____ SOURCE MATERIAL
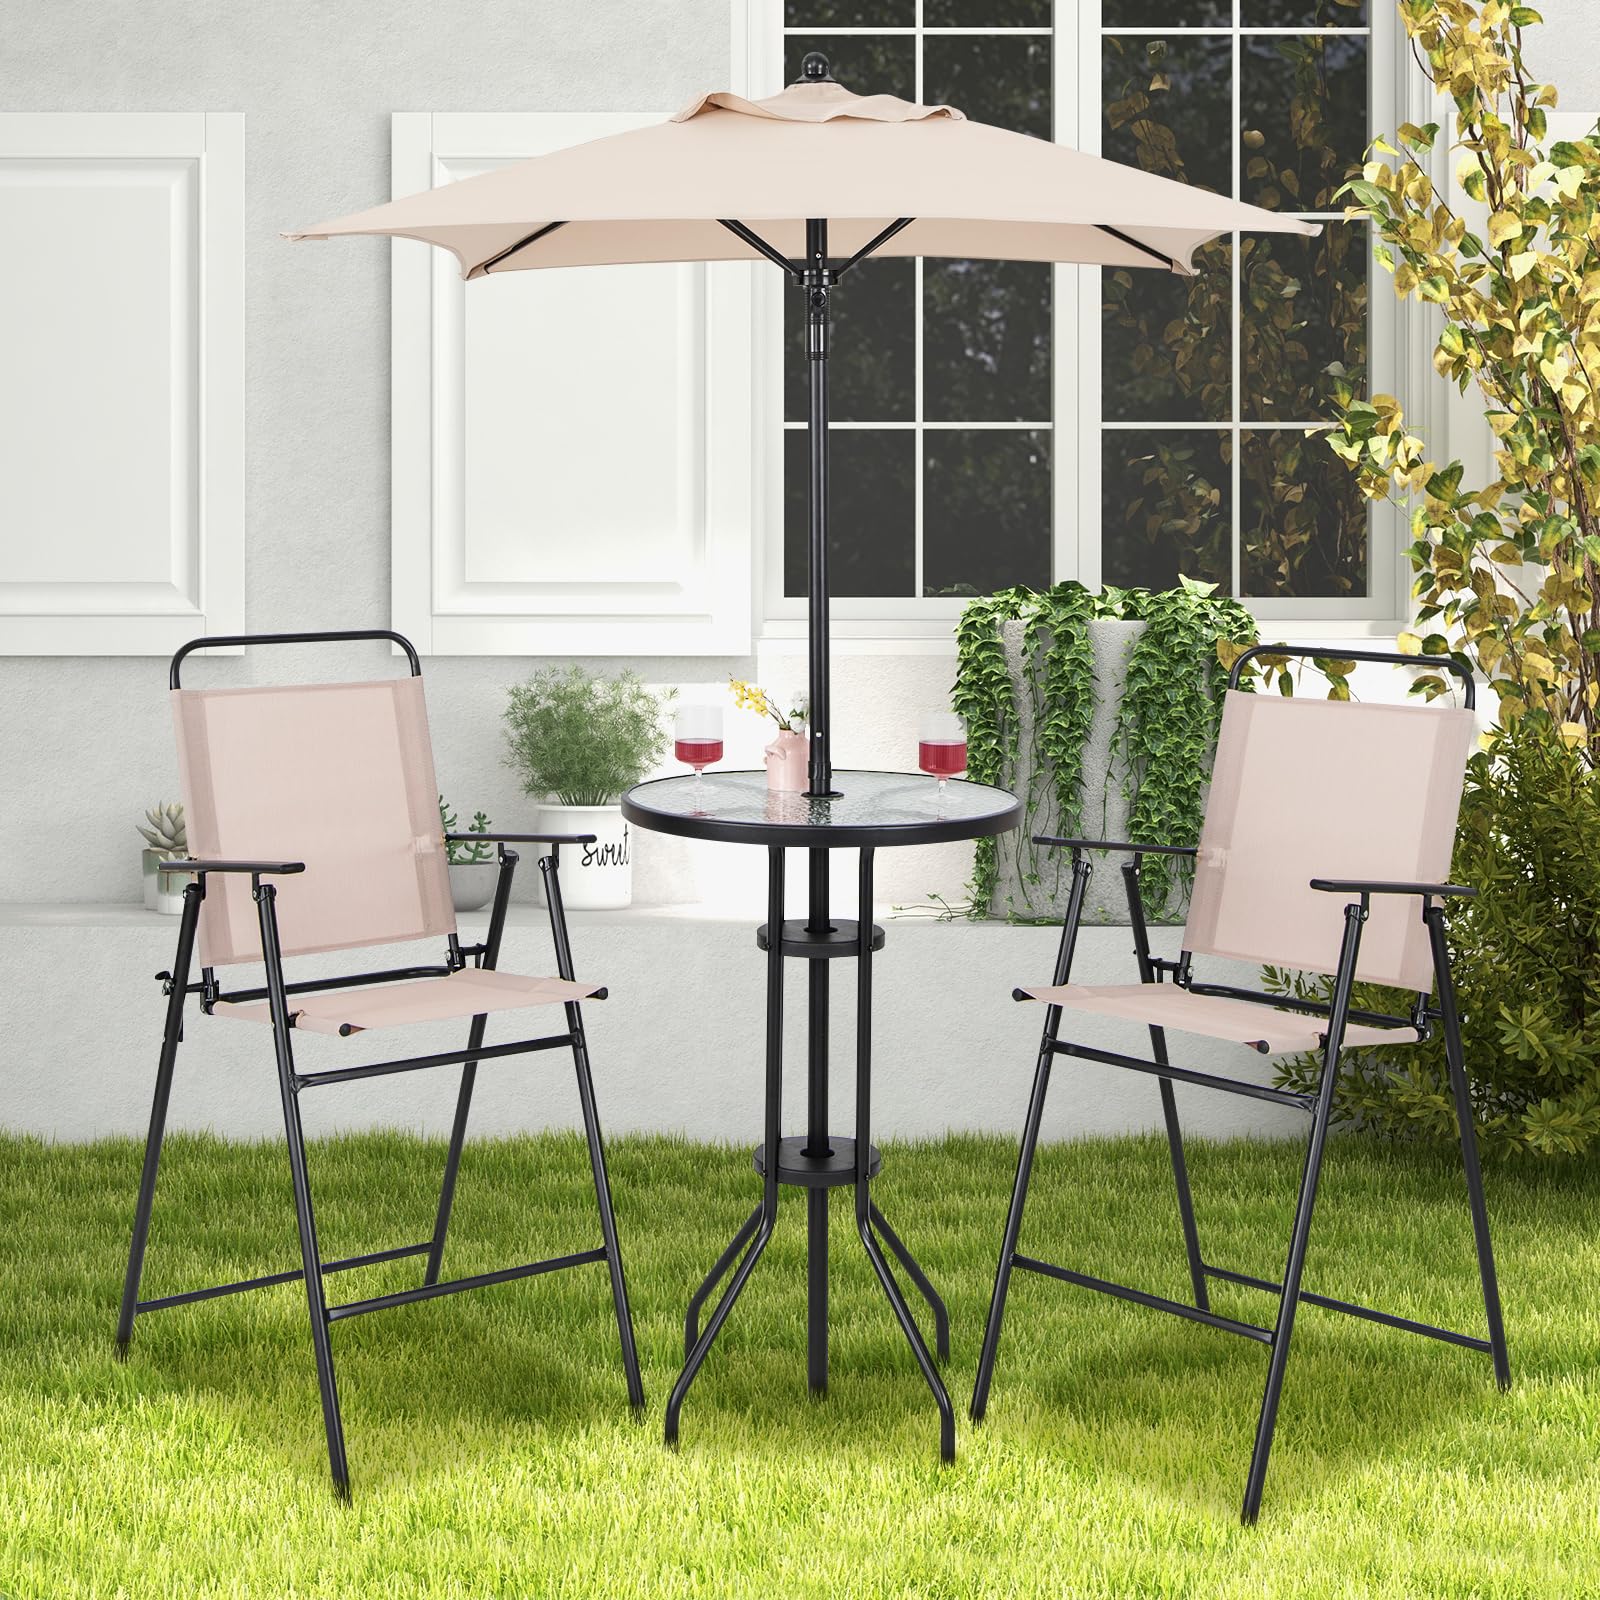 Giantex 4-Piece Outdoor Bar Set, Round High Top Bar Table with 2 Folding Counter Height Chairs & Umbrella
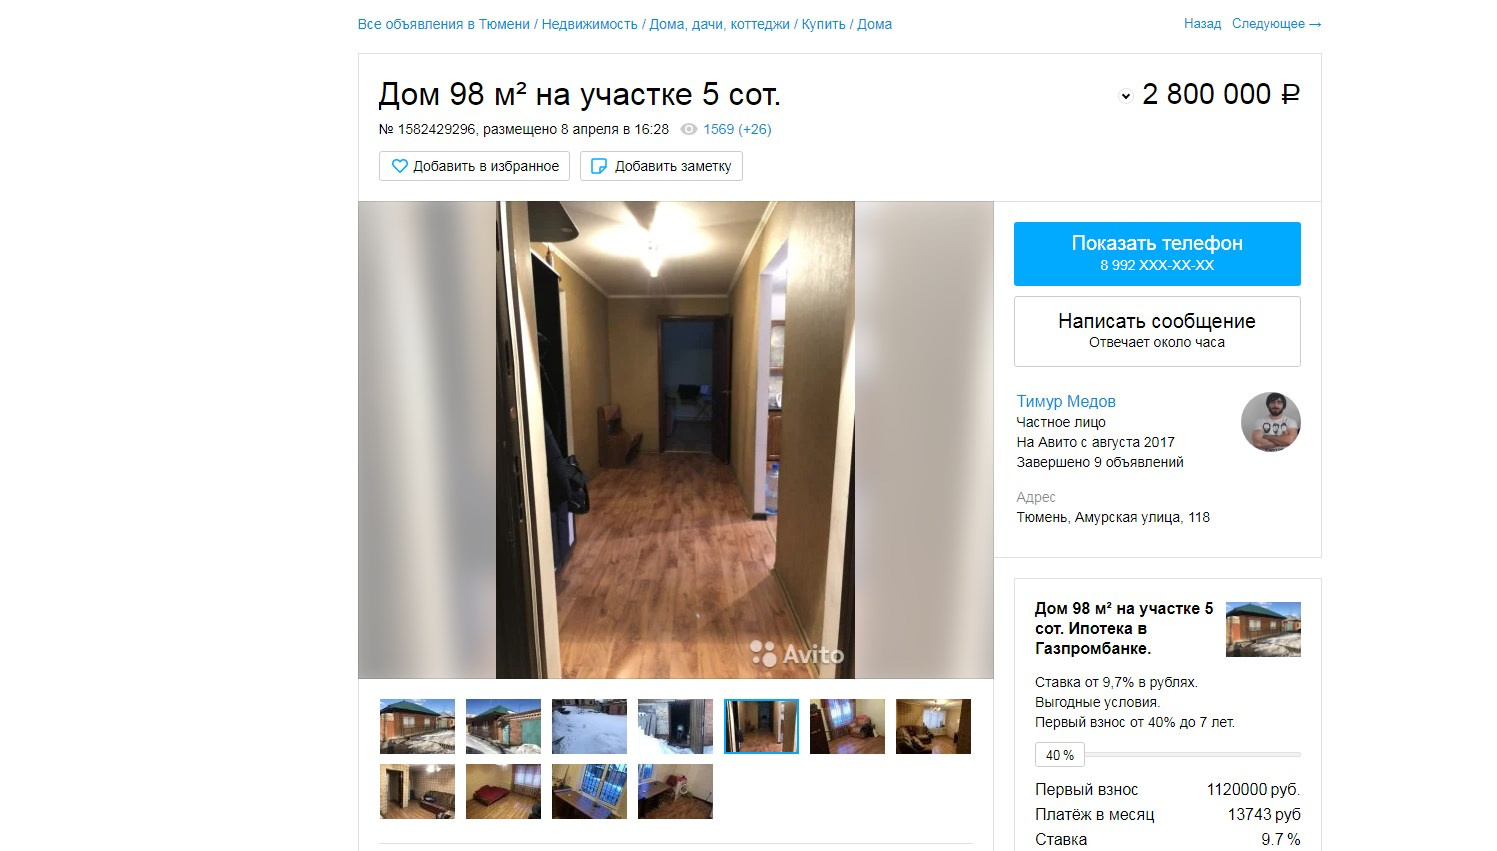 Дом и участок продавали почти за три миллиона рублей
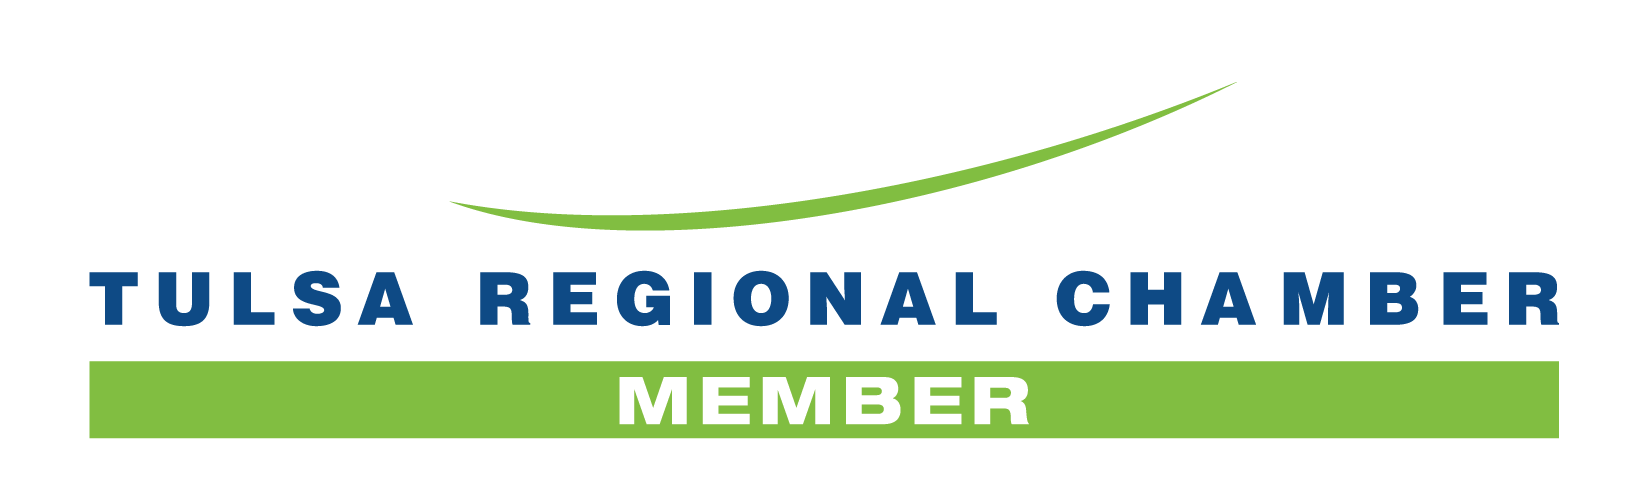 Tulsa regional chamber logo
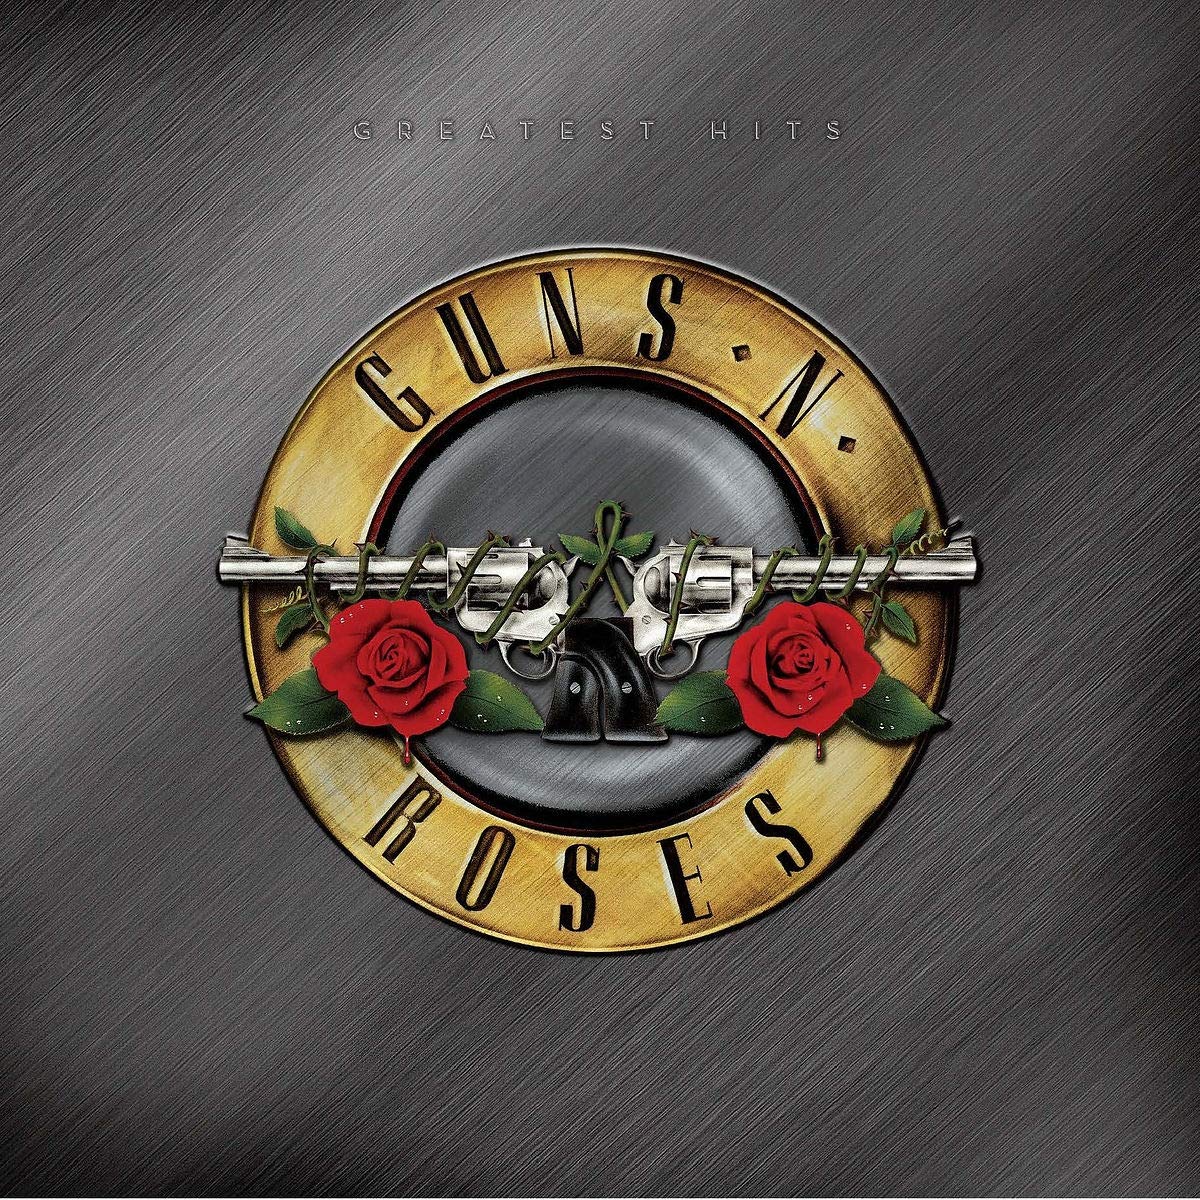 Guns N' Roses (건즈 앤 로지스) - Greatest Hits [2LP]
________
> **ASSIGNMENT**
Each line above is to be copied exactly, and the pictures are to be dropped.

> **RESULT FOR THIS TASK**
 Giantex 4-Piece Outdoor Bar Set, Round High Top Bar Table with 2 Folding Counter Height Chairs & Umbrella
 Дом и участок продавали почти за три миллиона рублей
 Tulsa regional chamber logo
 Guns N' Roses (건즈 앤 로지스) - Greatest Hits [2LP]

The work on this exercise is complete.